Extended Data Fig. 1 Degradation process of three hydrogel substrates.

a, Chemical structures of metagel components. b, Schematic of polymer network fracture process of three hydrogel matrices. c, Quantitative degradation records of three hydrogel matrices in vitro. Data are represented as mean value ±S.D. (n = 3 independent samples).

Extended Data Fig. 2 Simulated sound reflection of deformed metagel due to various environmental changes.

a, Scattered sound fields of metagels at different pressure. b, Peak frequency shifts of pressure-metagel when environmental pressure changes. c, Scattered sound fields of metagels at different temperature. d, Peak frequency shifts of temperature-metagel when environmental temperature changes. e, Scattered sound fields of metagels at different pH. f, Peak frequency shifts of pH-metagel when environmental pH changes.

Extended Data Fig. 3 The workflow of metagel-ultrasonic sensing.

A detailed description can be found in the Supplementary Information.

Extended Data Fig. 4 In vitro pressure and temperature measurements.

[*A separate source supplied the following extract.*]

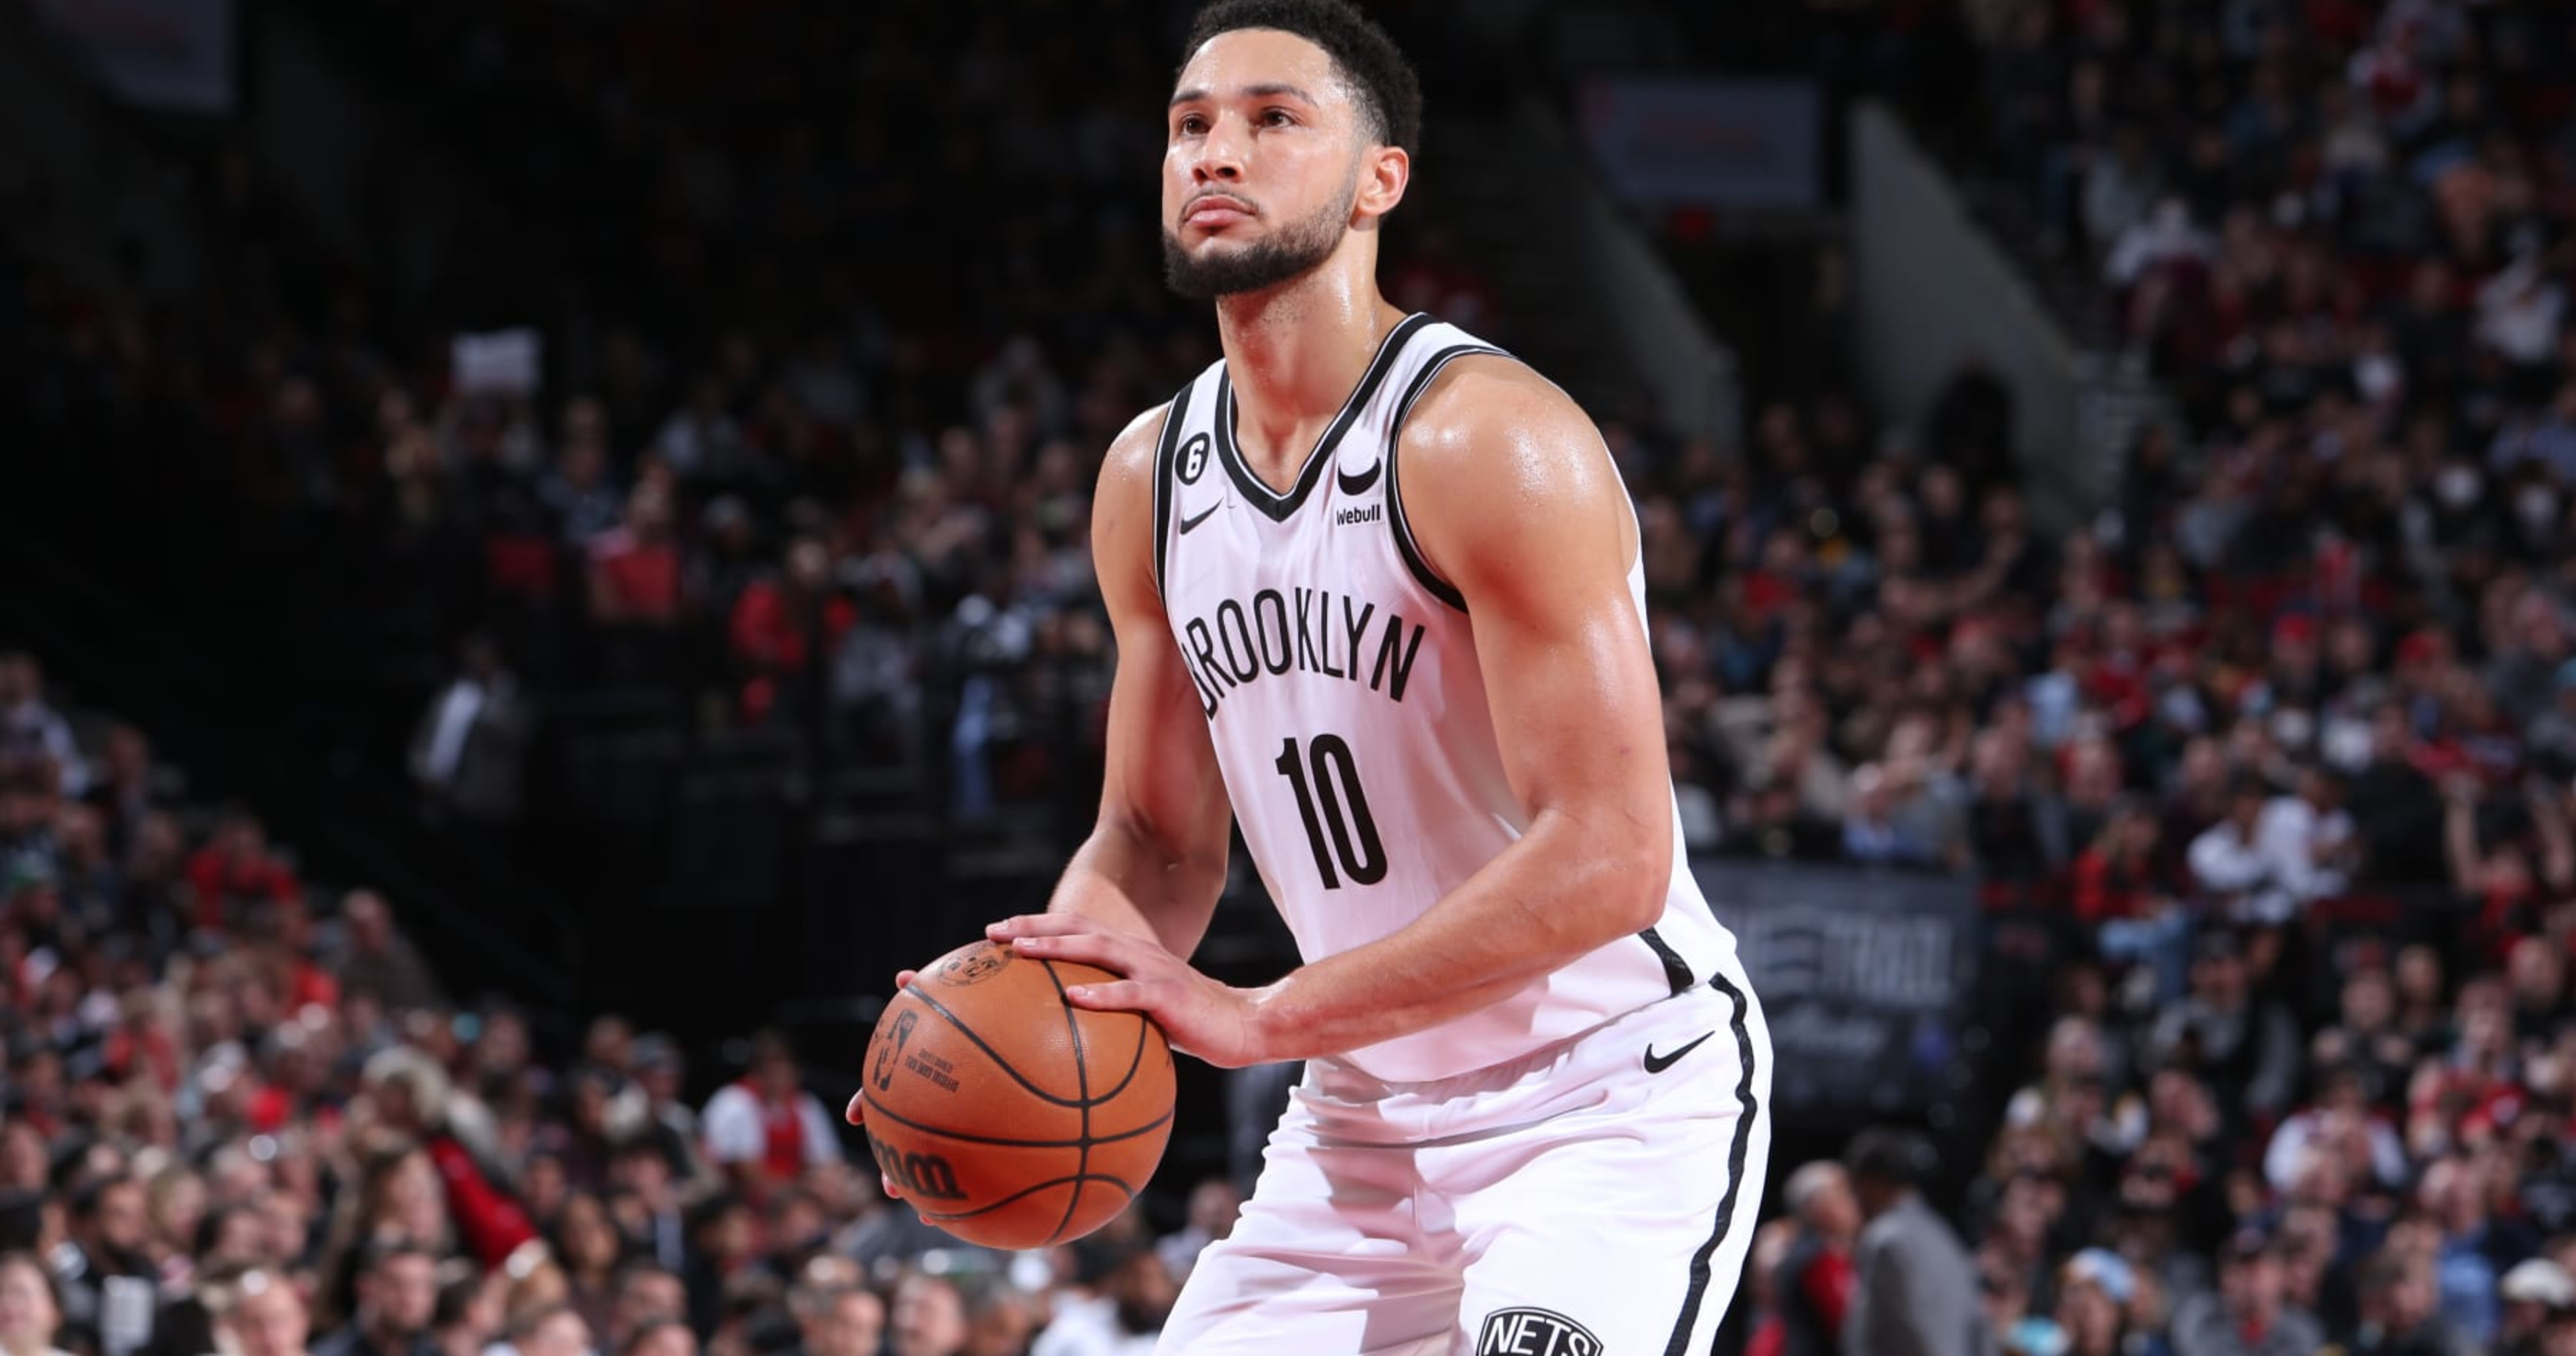 After year of taunts and insults, Nets' star Ben Simmons is ready

a, Experimental setup for pressure measurement. b, Range performance of pressure-metagel. c, Accuracy performance of pressure-metagel. d-f, Multiple tests of pressure-metagel recordings on days 1, 3, and 8, respectively. g-h, Setup for temperature measurement. i, Accuracy performance of temperature-metagel. j-l, Multiple tests of pressure-metagel recordings on days 1, 3, and 8, respectively.

Extended Data Fig. 5 Anti-fatigue properties of pressure-metagel.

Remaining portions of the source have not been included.